Smith's research focuses on computer-mediated collective action: the ways group dynamics change when they take place in and through social cyberspaces. Many "groups" in cyberspace produce public goods and organize themselves in the form of a commons (for related papers see: http://www.connectedaction.net/marc-smith/). Smith's goal is to visualize these social cyberspaces, mapping and measuring their structure, dynamics and life cycles. At Microsoft, he developed the "Netscan" web application and data mining engine that allows researchers studying Usenet newsgroups and related repositories of threaded conversations to get reports on the rates of posting, posters, crossposting, thread length and frequency distributions of activity. Smith applied this work to the development of a generalized community analysis platform for Telligent, providing a web based system for groups of all sizes to discuss and publish their material to the web and analyze the emergent trends that result. He contributes to the open and free NodeXL project (http://www.codeplex.com/nodexl) that adds social network analysis features to the familiar Excel spreadsheet. A tutorial on social network analysis is evolving into a book and is freely available (http://casci.umd.edu/NodeXL_Teaching). NodeXL enables social network analysis of email, twitter, flickr, www, facebook and other network data sets.

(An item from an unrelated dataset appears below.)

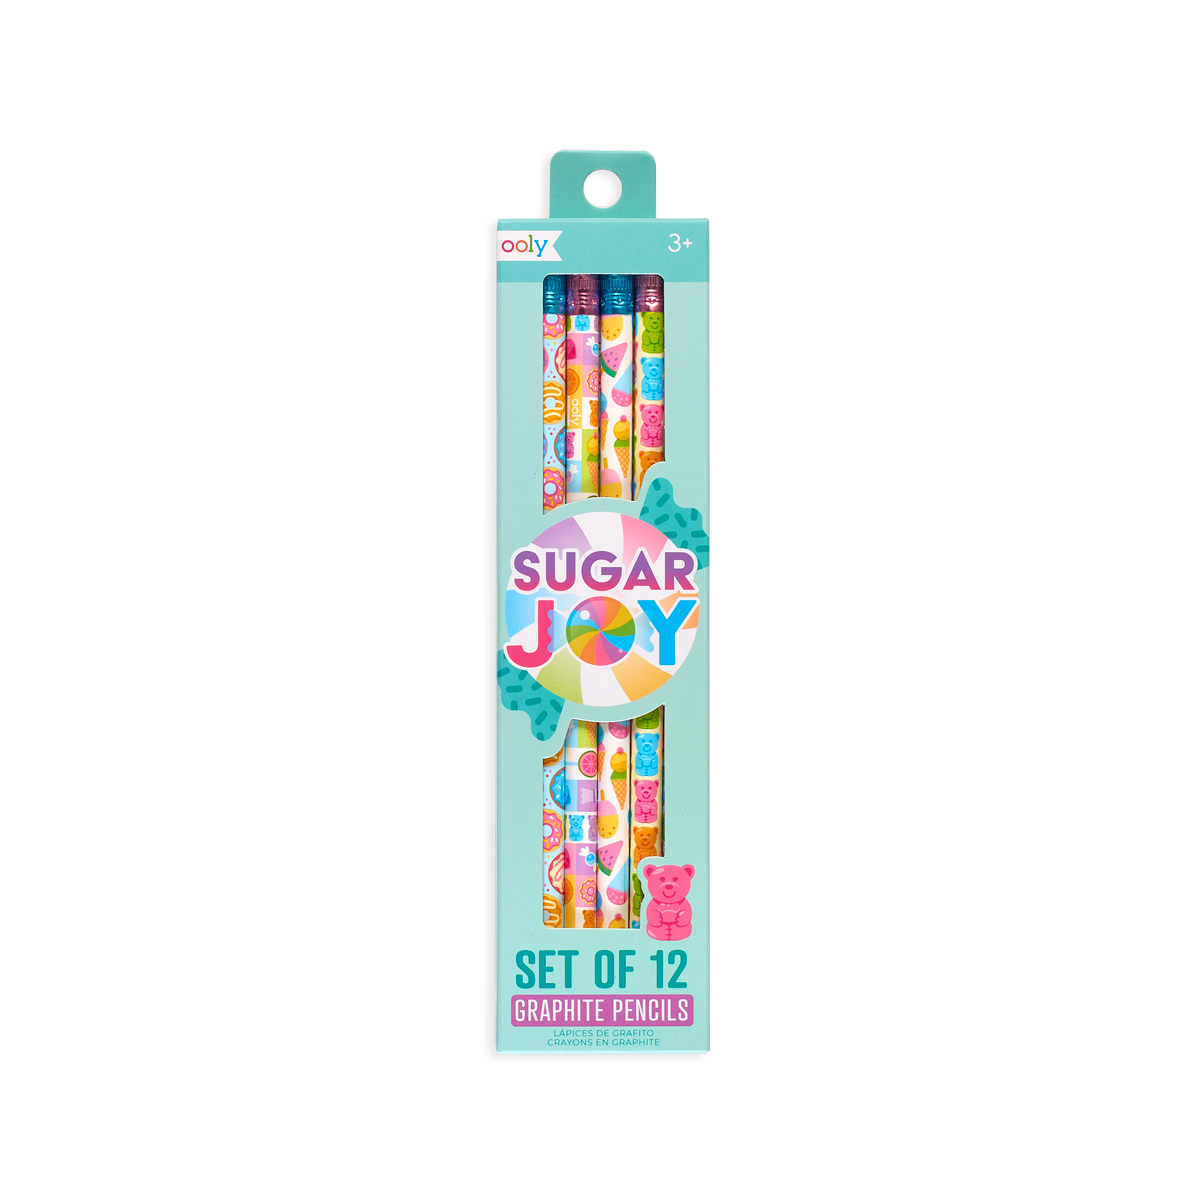 OOLY Sugar Joy graphite pencils in packaging

The Connected Action consulting group (http://www.connectedaction.net) applies social science methods in general and social network analysis techniques in particular to enterprise and internet social media usage. SNA analysis of data from message boards, blogs, wikis, friend networks, and shared file systems can reveal insights into organizations and processes. Community managers can gain actionable insights into the volumes of community content created in their social media repositories. Mobile social software applications can visualize patterns of association that are otherwise invisible.

Smith received a B.S. in International Area Studies from Drexel University in Philadelphia in 1988, an M.Phil. in social theory from Cambridge University in 1990, and a Ph.D. in Sociology from UCLA in 2001. He is an affiliate faculty at the Department of Sociology at the University of Washington and the College of Information Studies at the University of Maryland. Smith is also a Distinguished Visiting Scholar at the Media-X Program at Stanford University.